--- DATA SECTION ---
────────────────────────────────────────
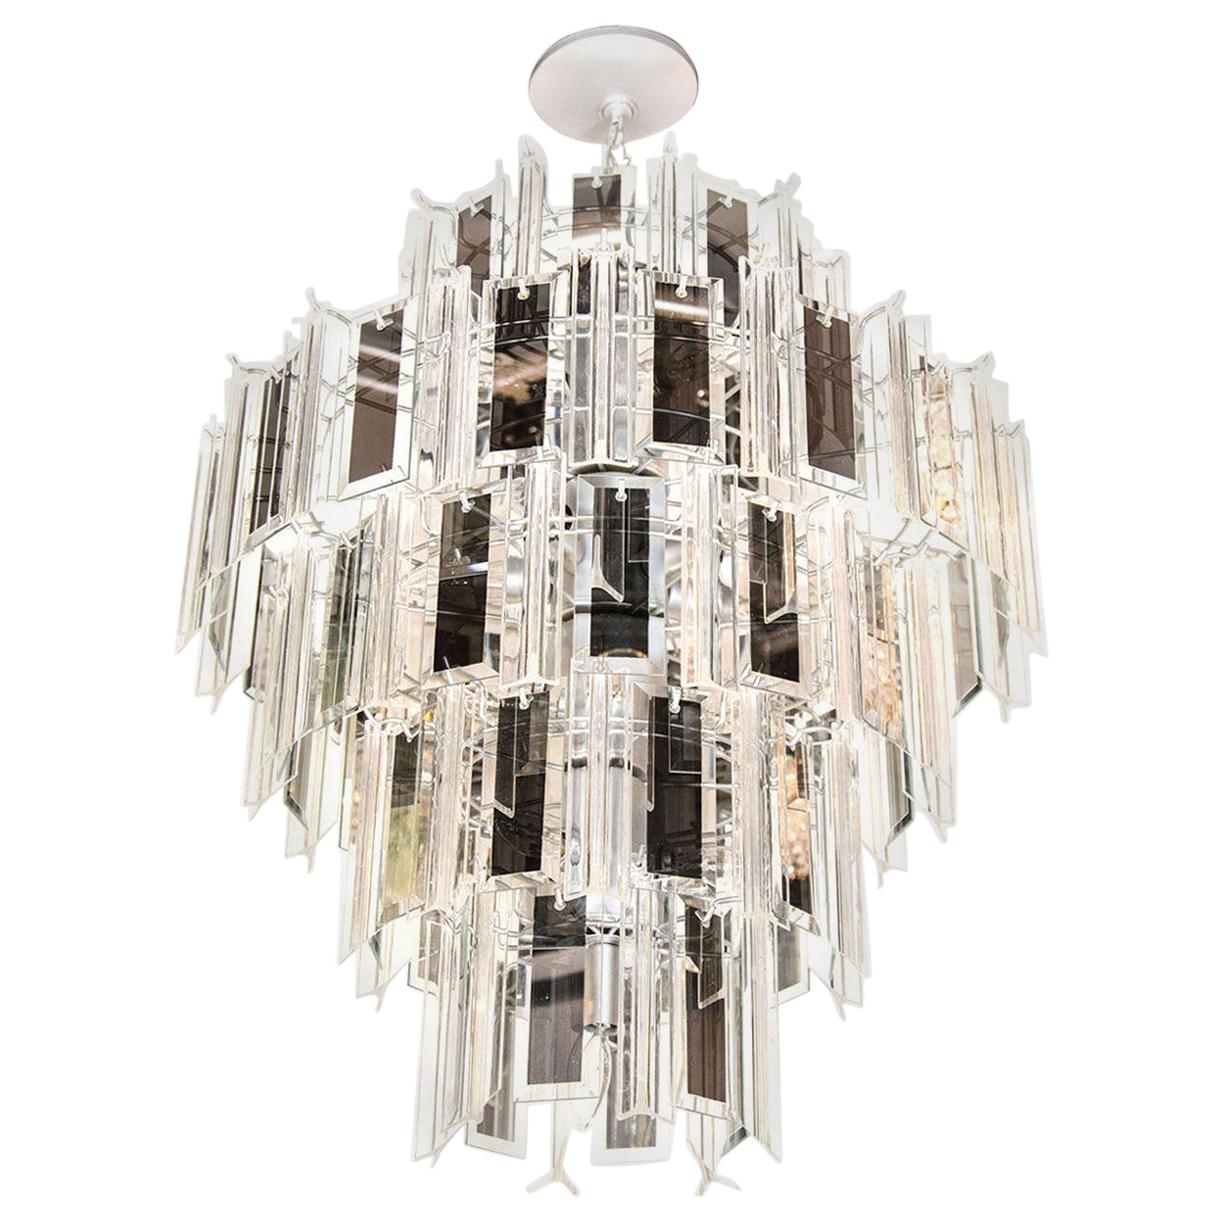 Mid-Century Modern Lucite and Mirrored Prism Chandelier, Italy, circa 1970s
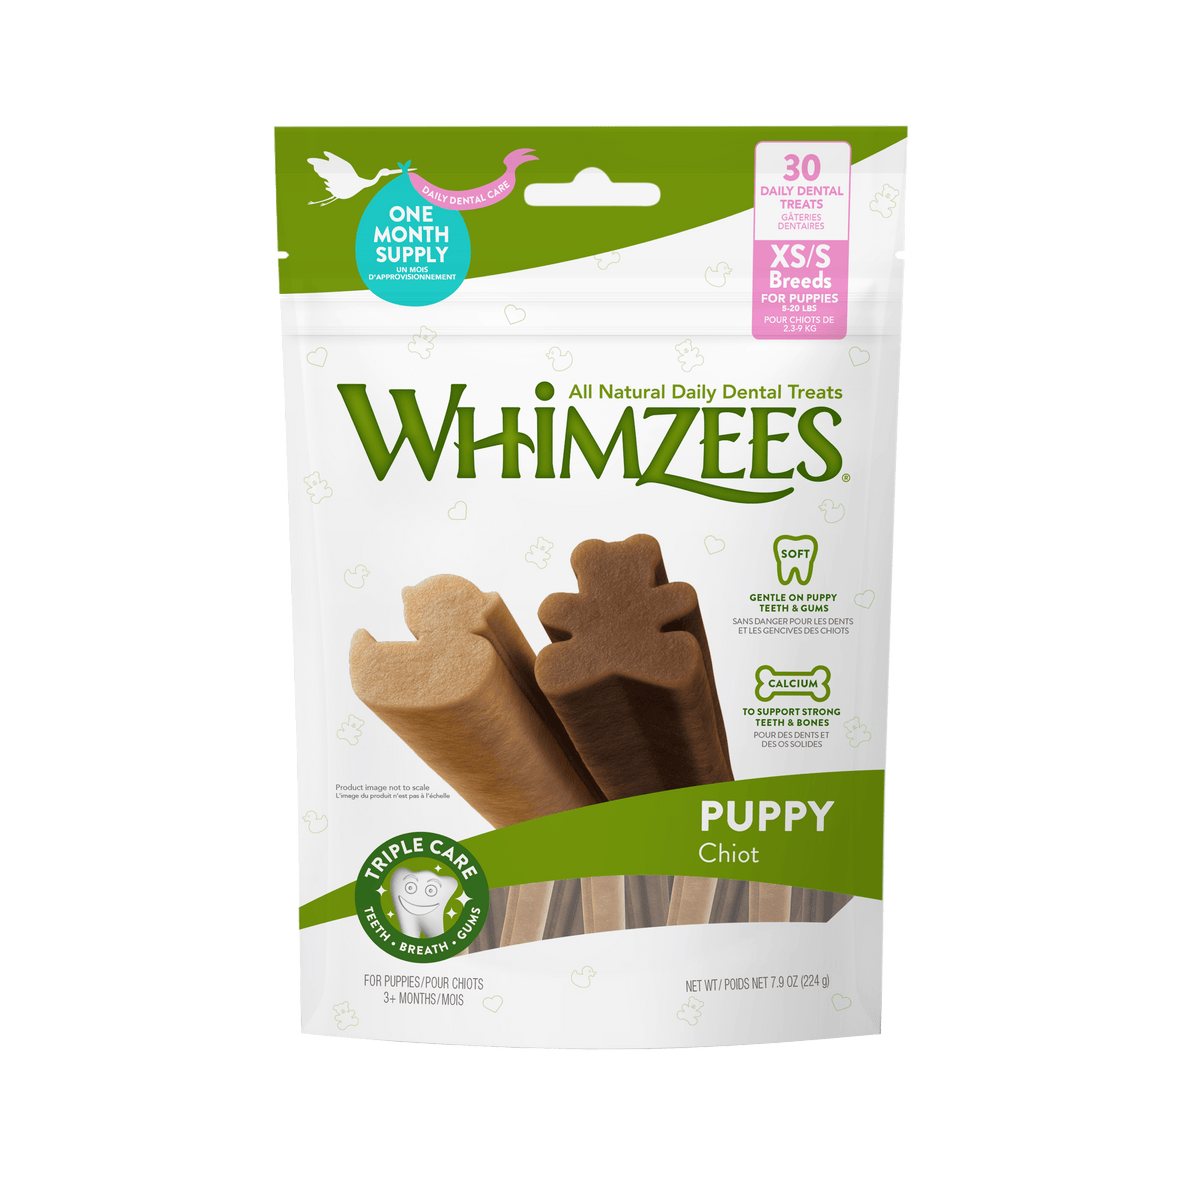 Whimzees Gâteries XS/S Gâteries dentaires pour chiots Whimzees puppy
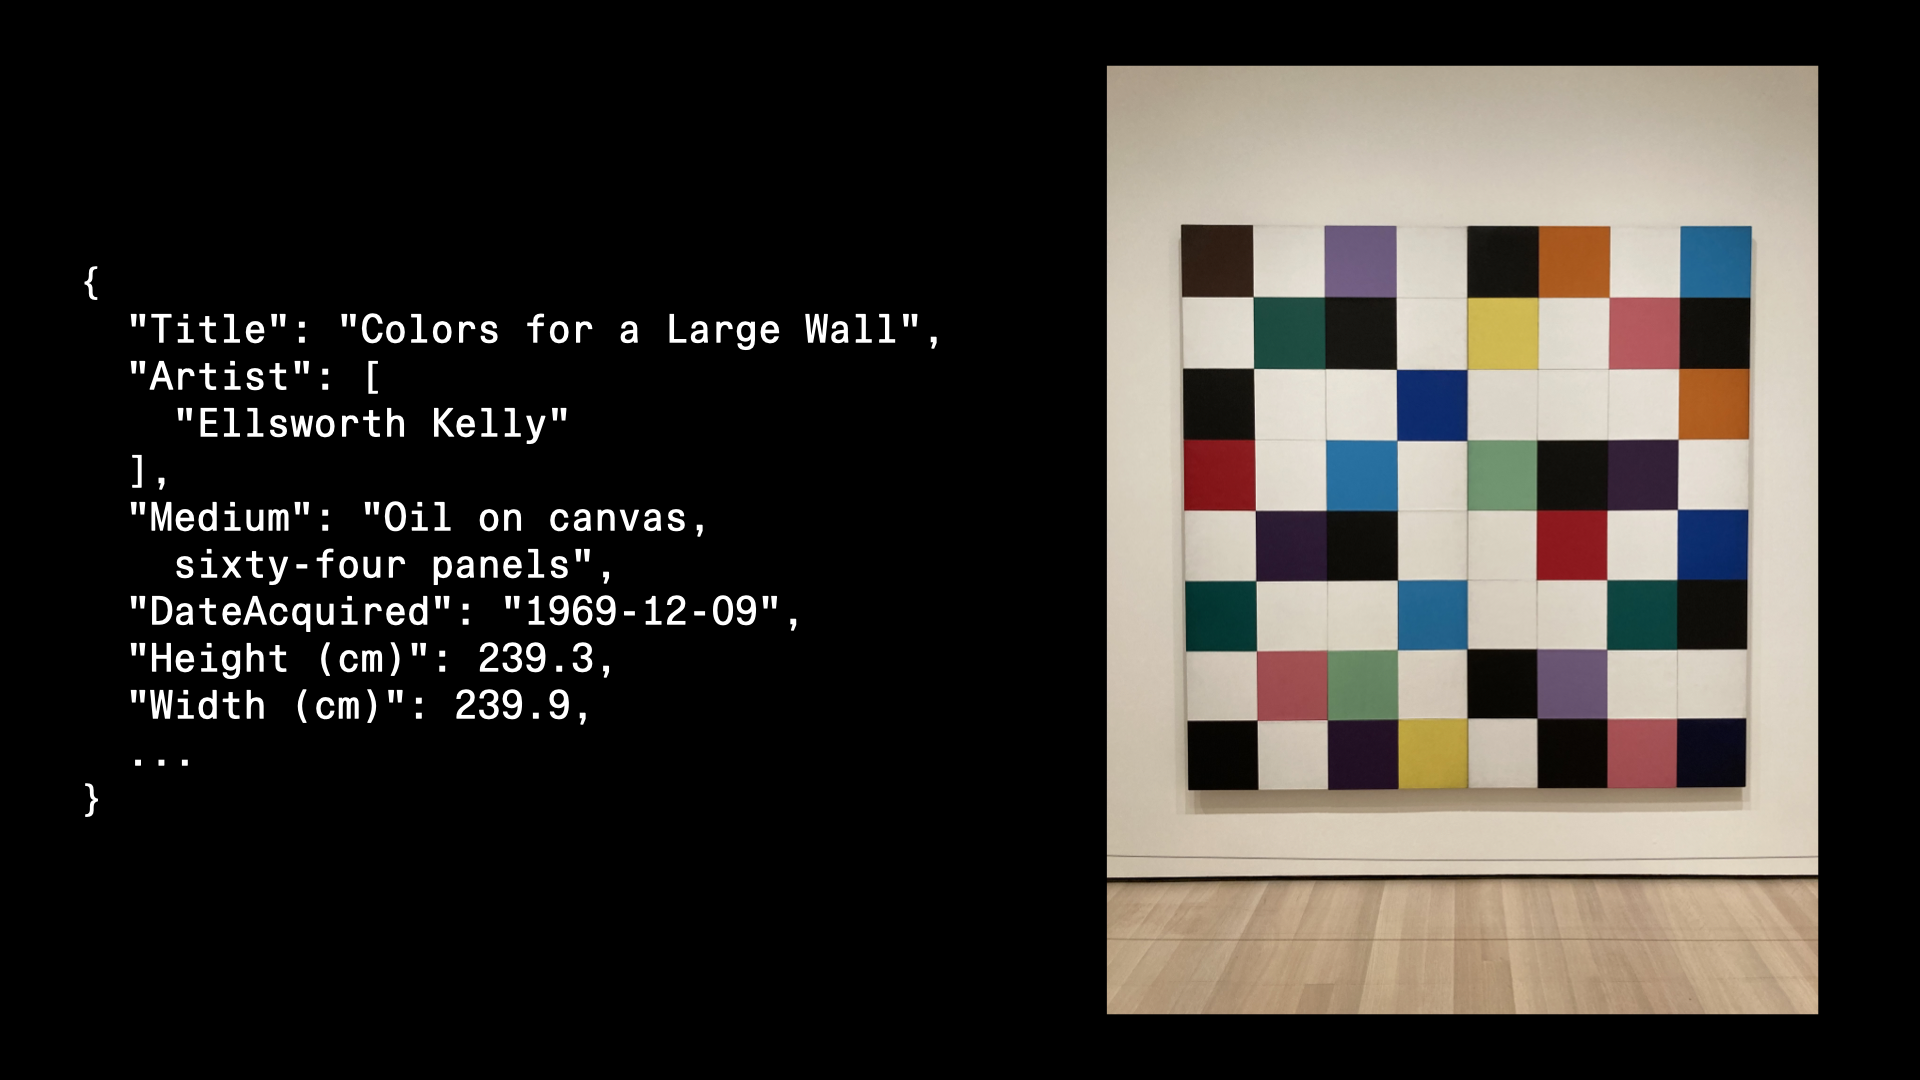 Raw code from a single artwork in MoMA’s collection data next to photograph of said artwork.
────────────────────────────────────────
--- DESCRIPTION OF THE TASK ---
Word for word, return the material above; the pictures stay out.

--- SOLUTION FOR THIS PROBLEM ---
 Mid-Century Modern Lucite and Mirrored Prism Chandelier, Italy, circa 1970s
 Whimzees Gâteries XS/S Gâteries dentaires pour chiots Whimzees puppy
 Raw code from a single artwork in MoMA’s collection data next to photograph of said artwork.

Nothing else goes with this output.